Abstract

Subduction of seamounts and ridges along thinly sedimented convergent margins results in deformation of the overriding forearc. Exposures of newly recognized late Pleistocene, shallow water deposits (i.e., Marenco formation) record intervals of rapid subsidence and uplift across the Costa Rican forearc inboard of the subducting Cocos Ridge. In general, the Marenco formation is a fining upward, fossiliferious, late Pleistocene, marine sand disconformably overlying beveled surfaces cut across the competent Osa mélange basement. The ∼50 to 27 ka age of the Marenco formation is constrained by 12 accelerator mass spectrometry and two conventional 14C dates obtained on marine macrofossils. The deposition of this sequence coincident with a general fall in sea level during oxygen isotope stage 3 requires >6 mm yr−1 subsidence inboard of the northwest flank of the subducting Cocos Ridge. Presently, exposures of the Marenco formation are found at >75 m above sea level, requiring uplift rates in excess of 6 mm yr−1. We interpret the down and up history of vertical tectonism recorded by the Marenco formation as the response of the upper plate to variations in the elevation of the subducting Cocos Ridge.
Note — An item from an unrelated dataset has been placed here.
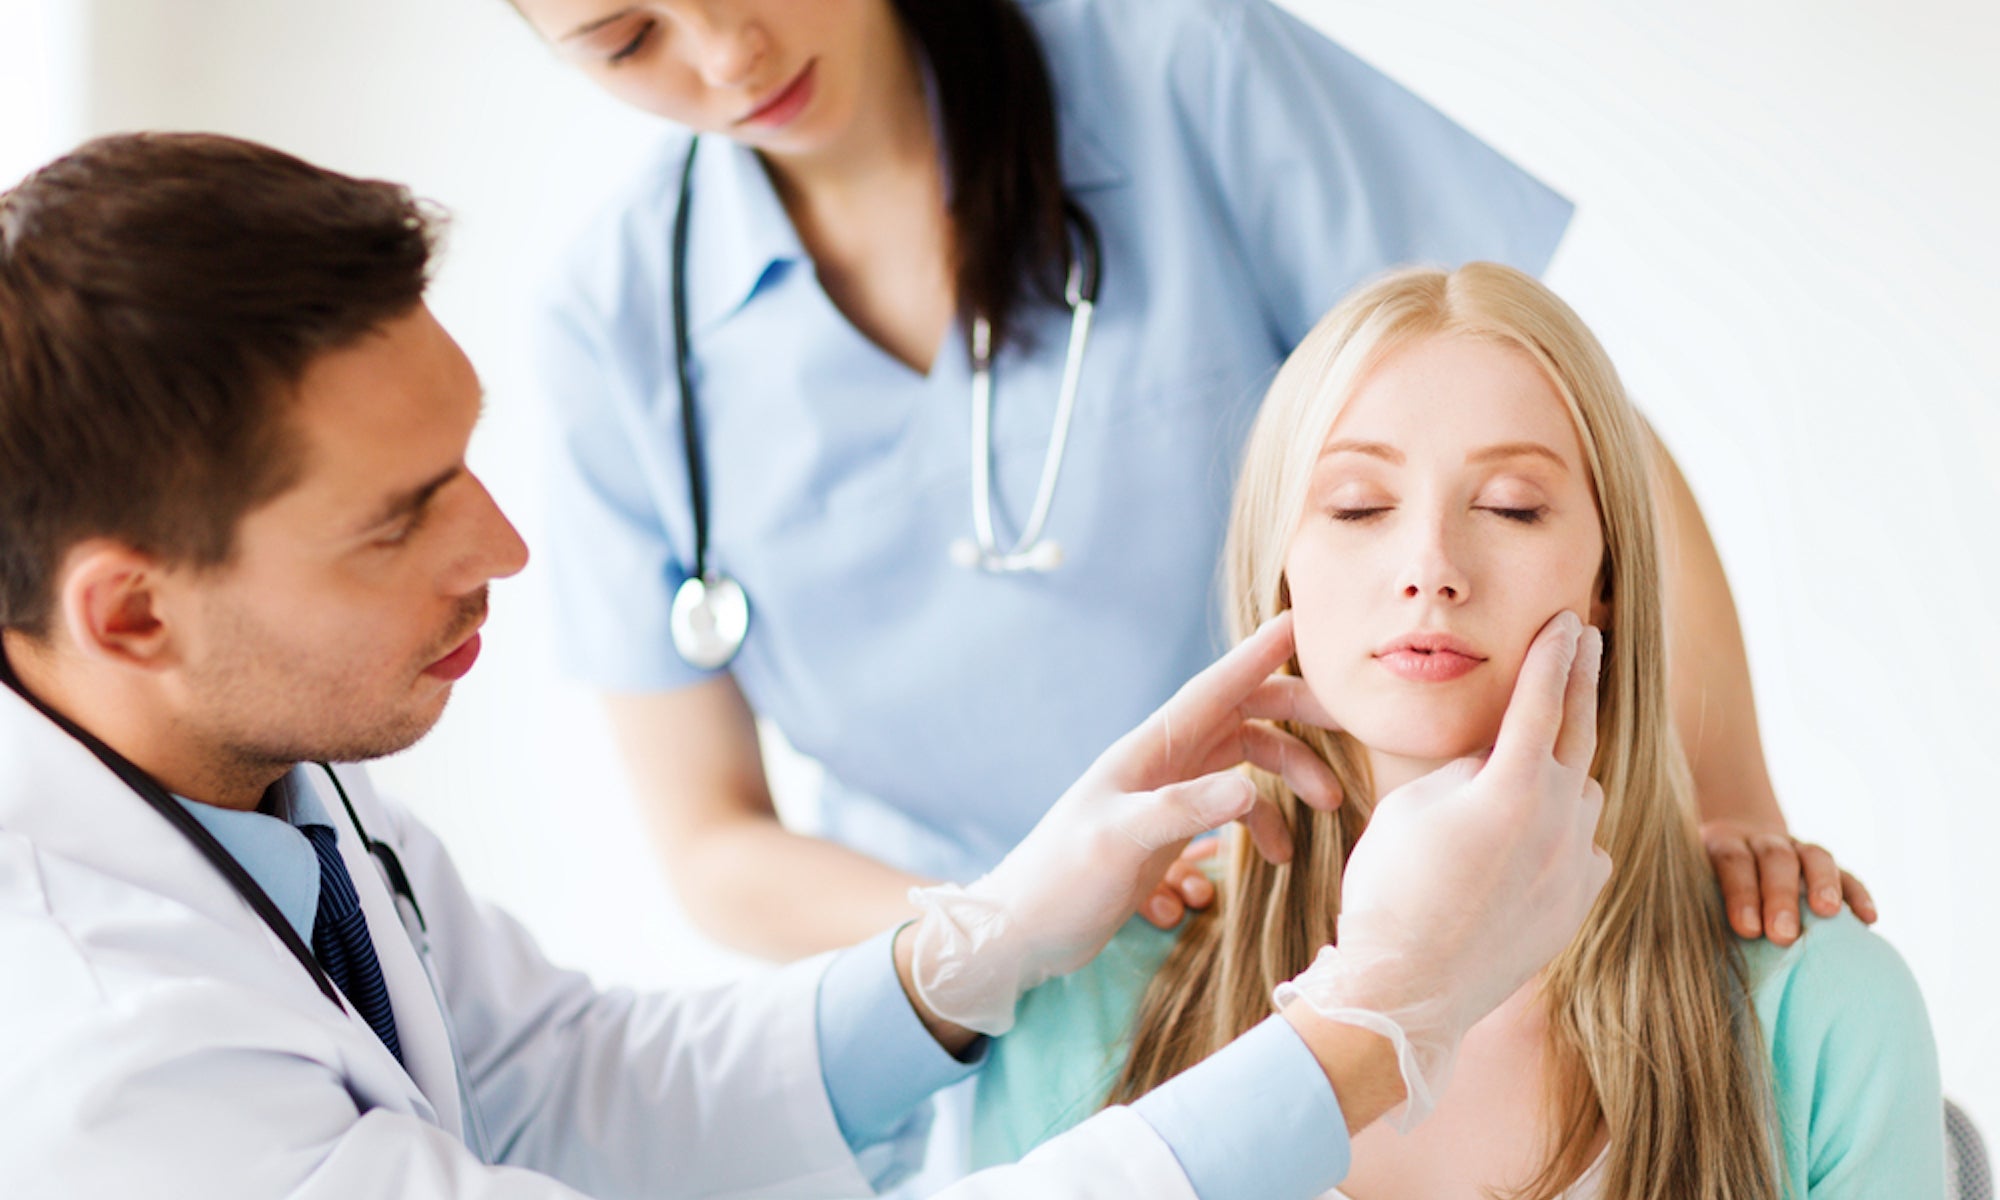 5 Important Tips for Cosmetic Procedure Recovery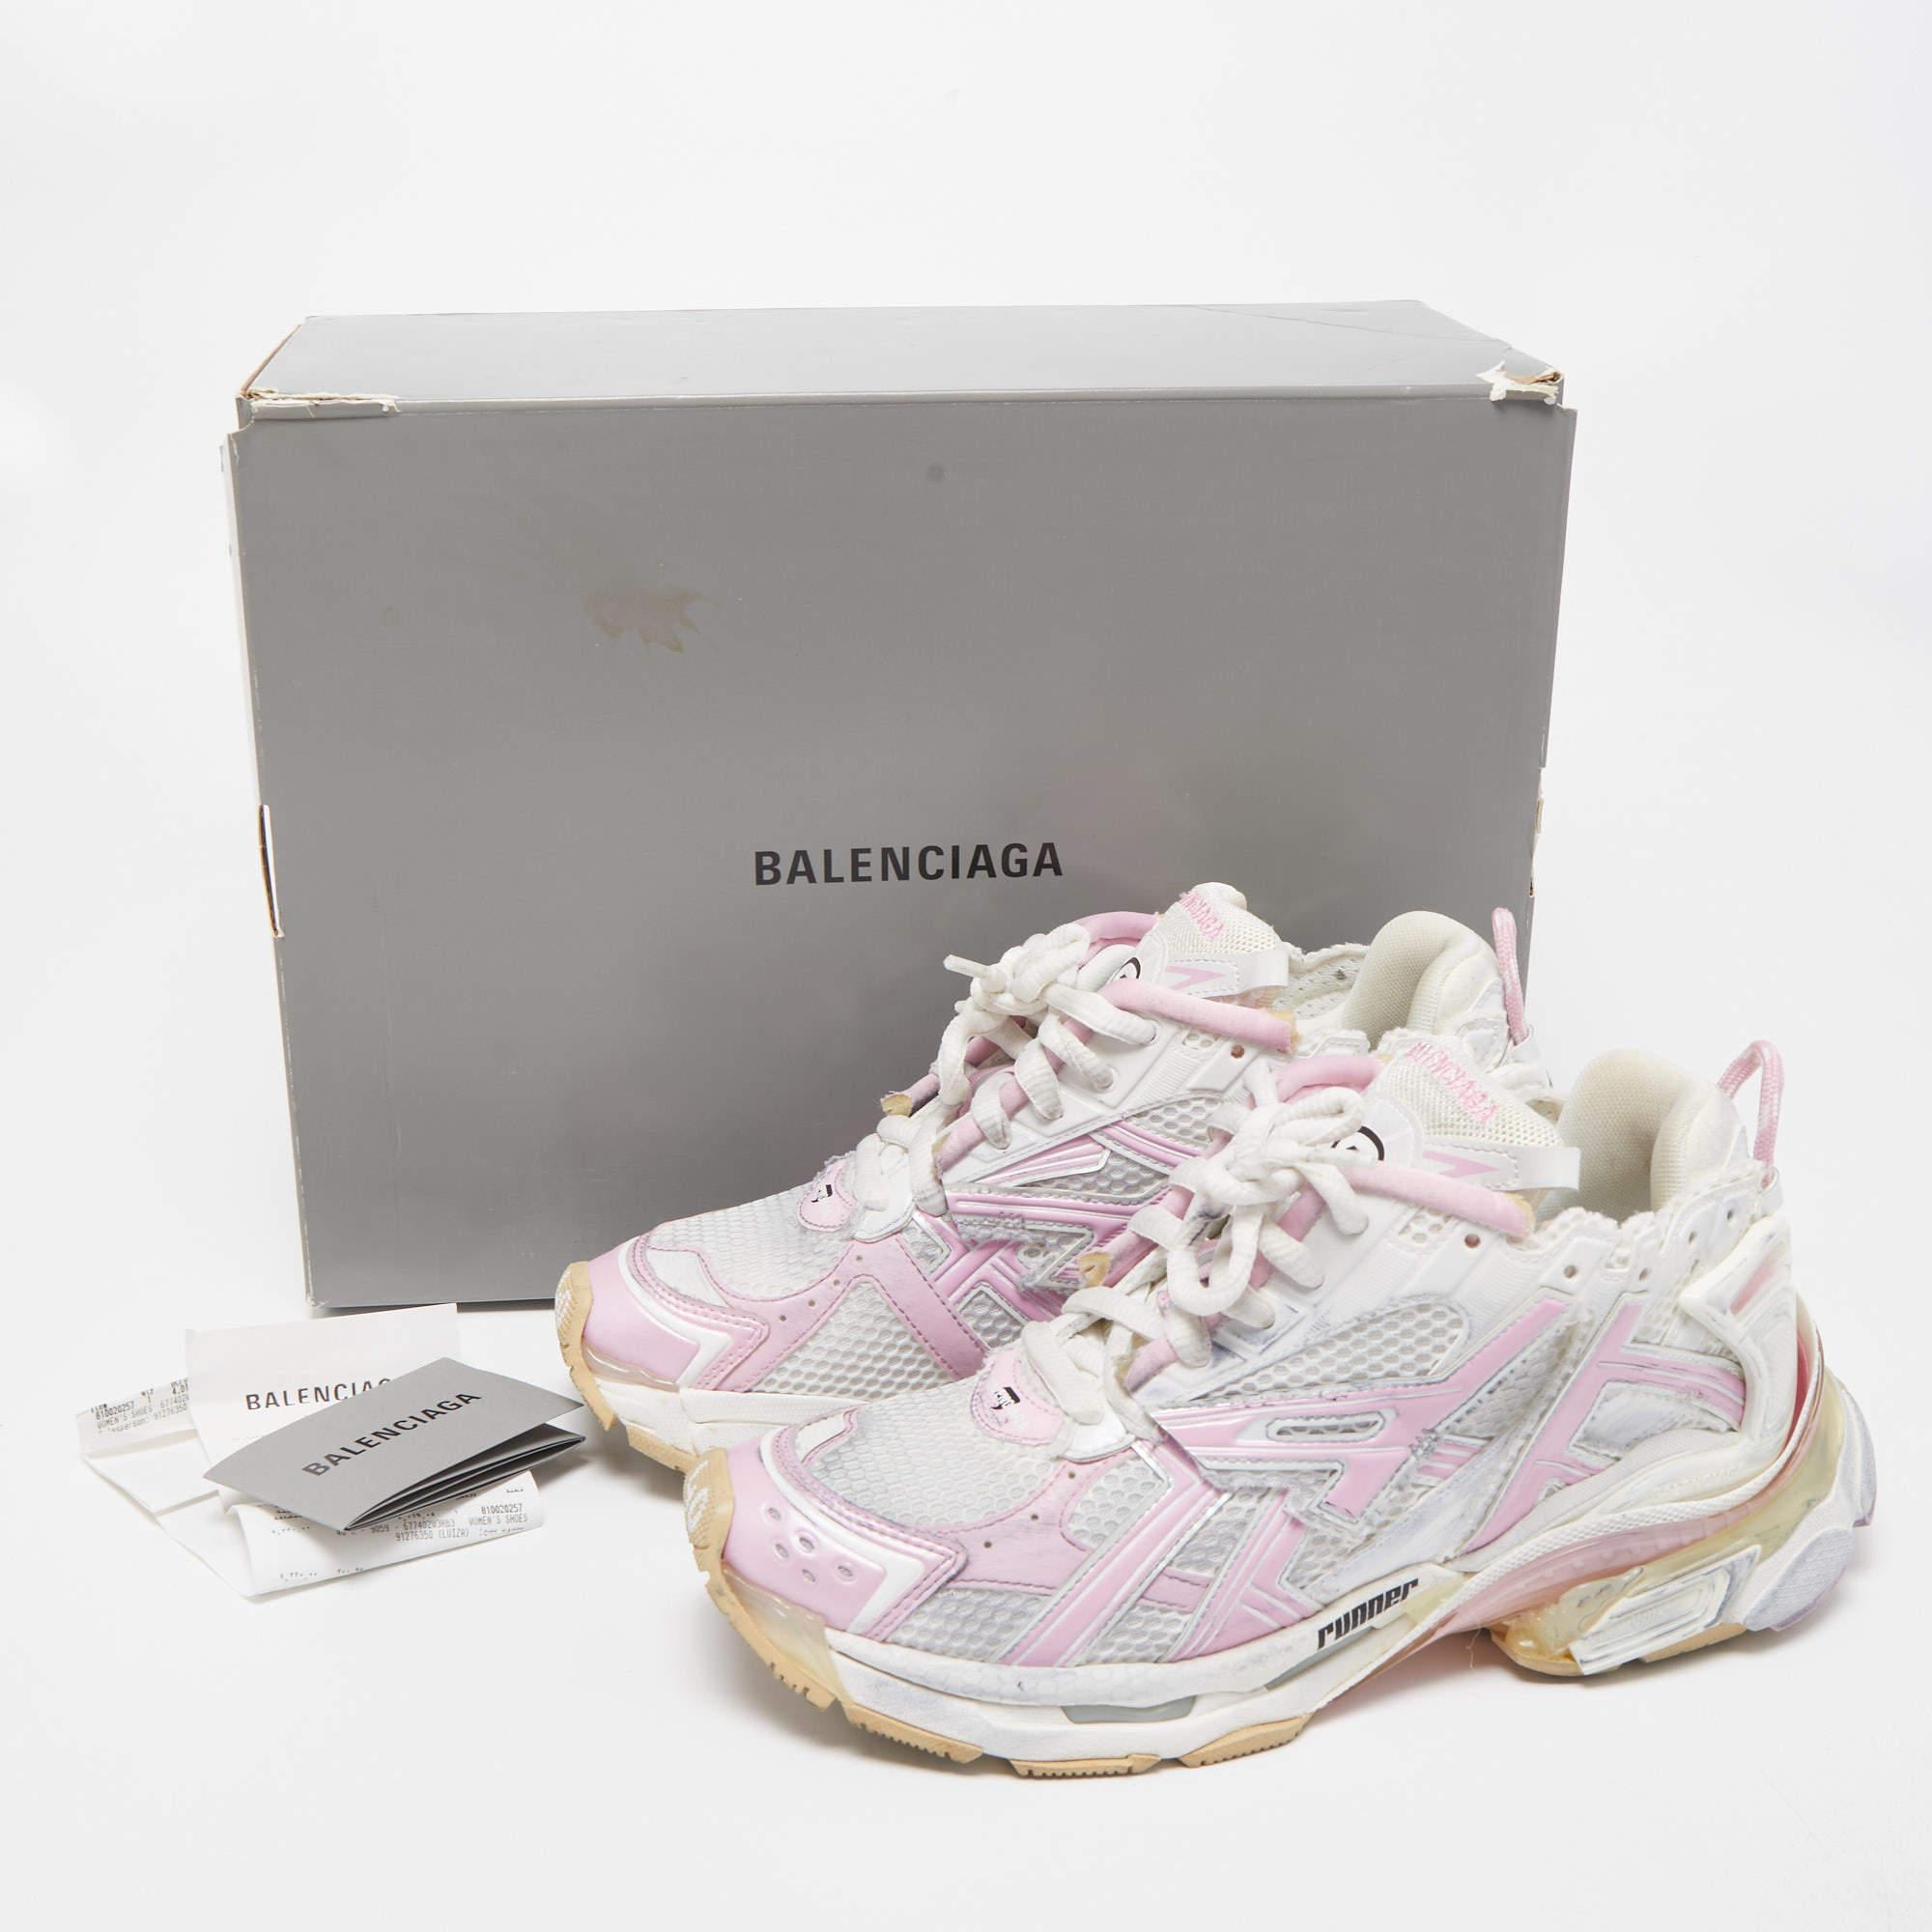 Balenciaga White/Pink Fabric and Leather Runner Sneakers Size 40 2

On the basis of a model where the upper plate deforms through bends because of roughness on a rigid downgoing plate, the rate, duration, and spatial distribution of vertical tectonism across the forearc are determined by the magnitude of the orthogonal component of the relative convergence vector and the bathymetry of the underthrusting plate. Application of this model to bathymetric data for the Cocos plate offshore yields a broad agreement between predicted future rates of subsidence and uplift and rates over the last 50 kyr recorded by the Marenco formation. Furthermore, analysis suggests that the arrival of the blunt‐tipped leading edge of the Cocos Ridge (0.5–3 Ma) resulted in an initial period of very rapid (∼30 mm yr−1) uplift.